No entanto, é isso que faz do cristão, um cristão. É isso que mantém o cristão, filho do dia, vigilante e lhe
trará a salvação no Juízo Final. Paulo não diz aos tessalonicenses quando a parusia acontecerá. Ele
conclama-os a que “permaneçam vigilantes e sóbrios. Há aqui um ponto contra o entusiasmo, contra a mania
de ruminar daqueles que andam atrás e especulam sobre o ‘quando’ da parusia. Eles só se preocupam com
o ‘quando’, o ‘o que’, a determinação objetiva na qual não tem nenhum interesse pessoal autêntico. Eles
permanecem presos no mundano.” (Heidegger, 1995, p.105)
A expectativa da parusia revela uma temporalidade diferente do tempo cronológico da ontologia
grega. Esse tempo é objetivo. Pode-se determinar as relações entre seus diferentes ‘agoras’. É mensurável.

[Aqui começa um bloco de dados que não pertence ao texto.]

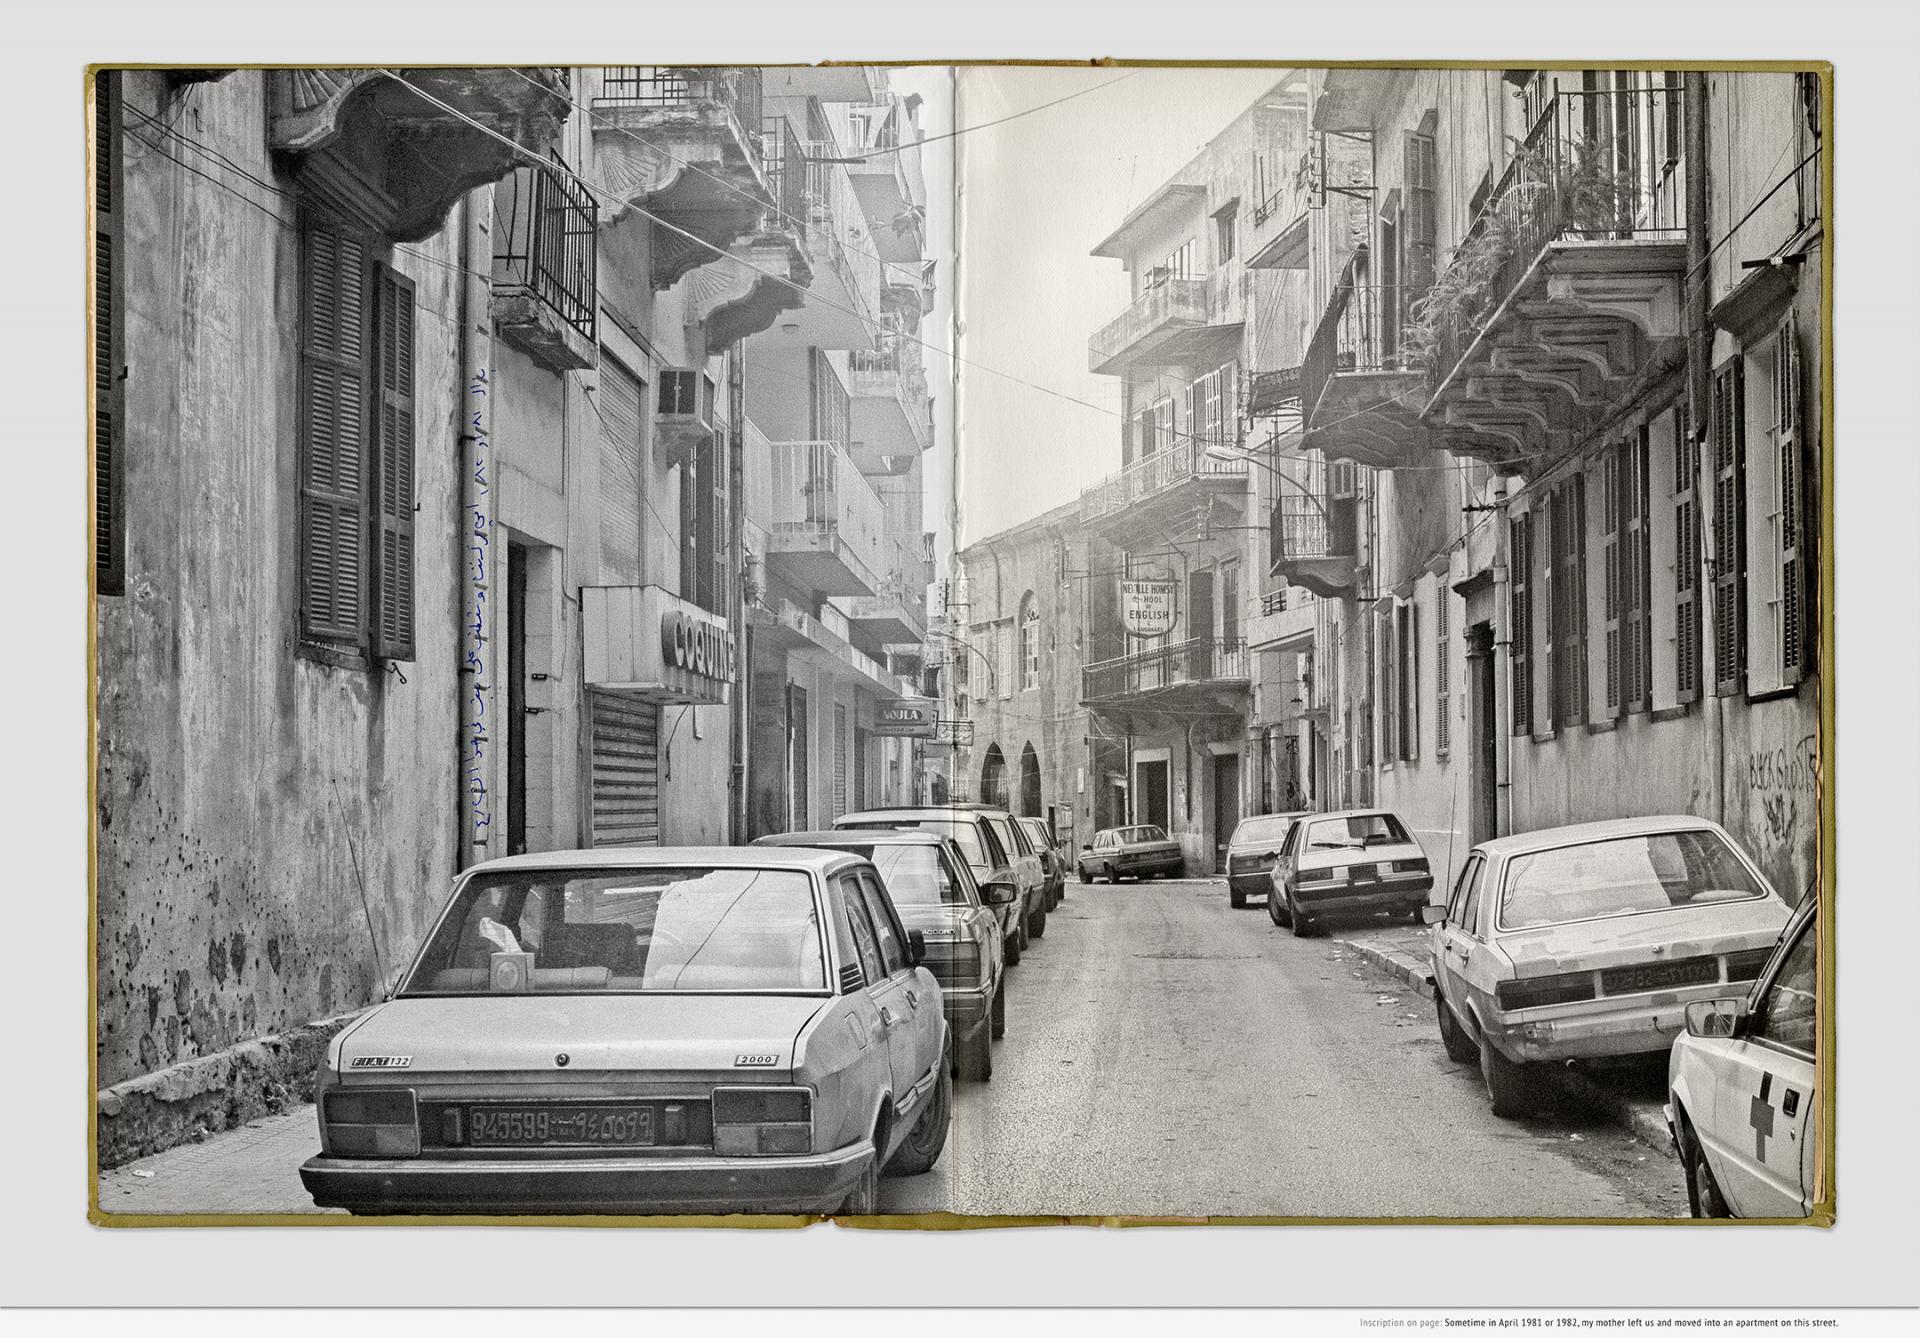 Sweet Talk. Commissions (Beirut) _ 1987.005, 1987-2019, inkjet print, 54.3 x 76.3 x 3.5cm, framed

A temporalidade cristã não é objetiva nem mensurável. Conclui Heidegger que “É um tempo sem ordem
própria, sem lugares fixos, etc. Não se pode encontrar esta temporalidade mediante qualquer tipo de
conceito objetivo de tempo. O quando não é objetivamente apreensível de modo algum.” ((Heidegger,
1995, p.104) A escatologia cristã não é compreensível a partir da filosofia, por isso ela ficou encoberta
desde o primeiro século depois de Cristo. Para a filosofia, o cristianismo é loucura.
A descoberta da insegurança própria da vida fáctica cristã não se limita a ela. A indicação de que a
experiência de vida fáctica cristã vivencia a temporalidade enquanto tal indica que a insegurança é
característica de toda vida fáctica. O cristianismo é uma luta aberta contra a tendência de asseguramento
contra o histórico da vida fáctica, que encontra uma segurança ilusória na significatividade do mundo. Essa
segurança pode ser rompida a qualquer momento sem aviso.